Foi então que me dei conta do risco que corria portando um cartão de crédito que permite acesso a alguns milhares de reais através de uma senha que já não tenho. O que ocorreria comigo diante da insistência dos gentils-homens que eventualmente me seqüestrassem para que eu lhes fornecesse uma senha que ignoro? Conseguiria eu fazê-los entender que, se eu negava mesmo diante do explosivo poder de argumentação de um trezoitão, era porque de fato não a possuía? Sobreviveria eu à veemência da argumentação? Melhor não tentar descobrir. Liguei para os indigitados cartões de crédito e solicitei que me fossem enviados exemplares sem direito ao serviço. Algo aparentemente simples, já que bastava alterar meu registro no banco de dados e enviar novo cartão.

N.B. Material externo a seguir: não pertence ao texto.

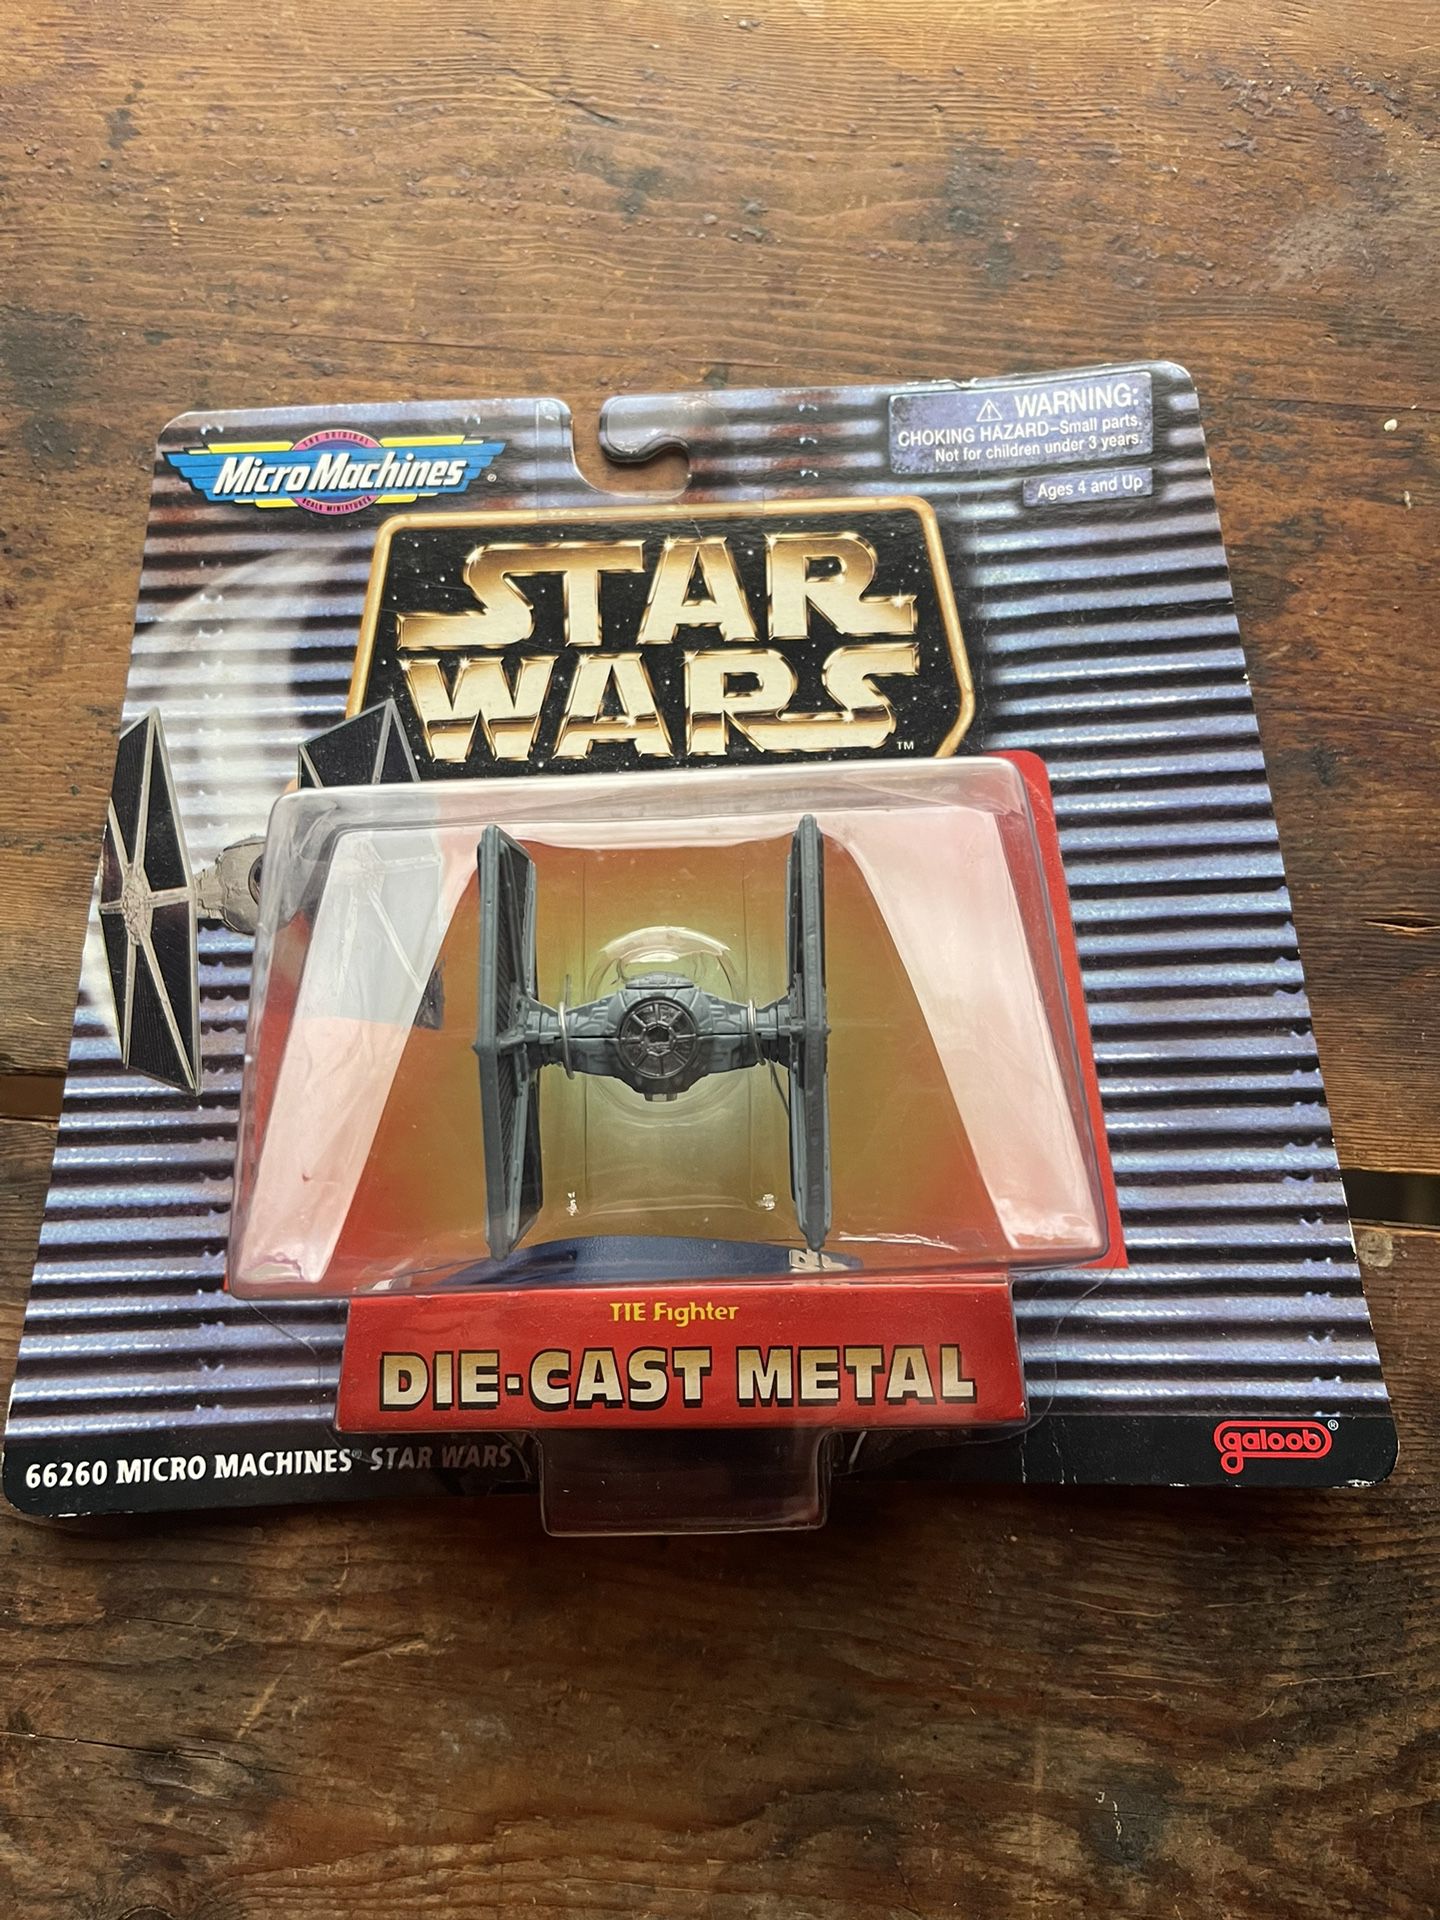 1996 Galoob Micro Machines Star Wars Tie Fighter Die Cast Metal - NEW open Box

Se seu cartão de crédito também lhe “oferece” esse serviço e você não o deseja, tente fazer o mesmo. Procure convencer ao banco que, de fato, para quem o quer, o serviço é realmente uma mão na roda mas para quem não o deseja e desconhece a senha implica grave risco de vida. Veja o tipo de “solução” que lhe será sugerida (a mim tiveram o desplante de oferecer nova senha e reduzir o limite para diminuir o eventual prejuízo). Assombre-se diante da insensibilidade face ao risco a que submetem os clientes por pura cupidez. Assuste-se frente à recusa. E descubra que não tem jeito: querendo ou não, se você precisa do cartão de crédito, vai ter que engolir o serviço que lhe é enfiado goela abaixo e viver sobressaltado enquanto carregar aquela bomba-relógio.

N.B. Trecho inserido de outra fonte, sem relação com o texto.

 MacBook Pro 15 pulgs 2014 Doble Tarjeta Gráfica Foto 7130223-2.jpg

Naturalmente não sou contra o serviço – desde que seja facultativo. Obrigatório, não quero. O que me levou a manter apenas um terceiro cartão de crédito. Que não oferece o serviço e não põe minha vida em risco.

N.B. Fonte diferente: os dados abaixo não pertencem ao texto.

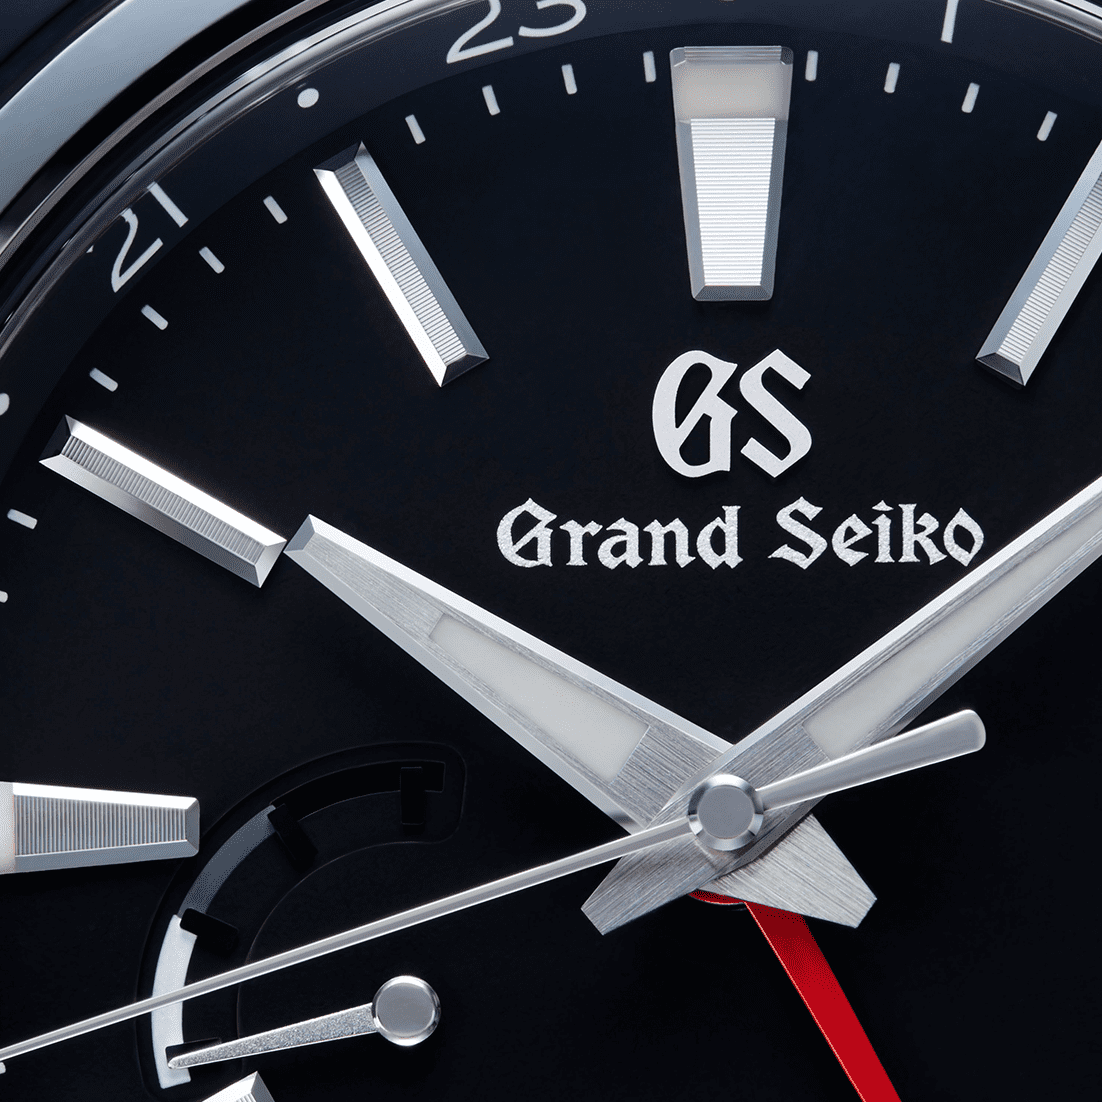 Grand Seiko Sports Spring Drive GMT Watch

Pois se há quem tente me obrigar a ter o que não quero, há serviços que quero e já não tenho. Como o que me era prestado pelo Detran-RJ. Para saber quantos pontos tinha acumulado no prontuário, bastava ao cidadão consultar o sítio do Detran em <www.detran.rj.gov.br>. Mas desde outubro passado, no atalho correspondente se encontrava apenas uma página informando que o serviço fora suspenso temporariamente. Atualmente, nem isso. O que me leva a crer que não mais retornará.

Ora, se a informação era fornecida é porque é possível fornecê-la. Portanto, o problema não há de ser tecnológico. Então por que um serviço tão útil foi interrompido?

Saber em  quantos pontos foi penalizado é um direito do cidadão. Na página principal do sítio, a Mensagem do Presidente informa que “o acesso democrático à informação é o principal objetivo da home-page do Detran-RJ”. E acrescenta que o órgão está com “os pés e os olhos no futuro para melhor servir a seu único patrão, o povo do Estado do Rio de Janeiro”.

Então, por favor, avisem ao Presidente que o patrão dele quer de volta o serviço tão útil que lhe foi subtraído. E que suspender algo que funcionava perfeitamente é andar para trás e não combina com quem está com os pés e olhos no futuro.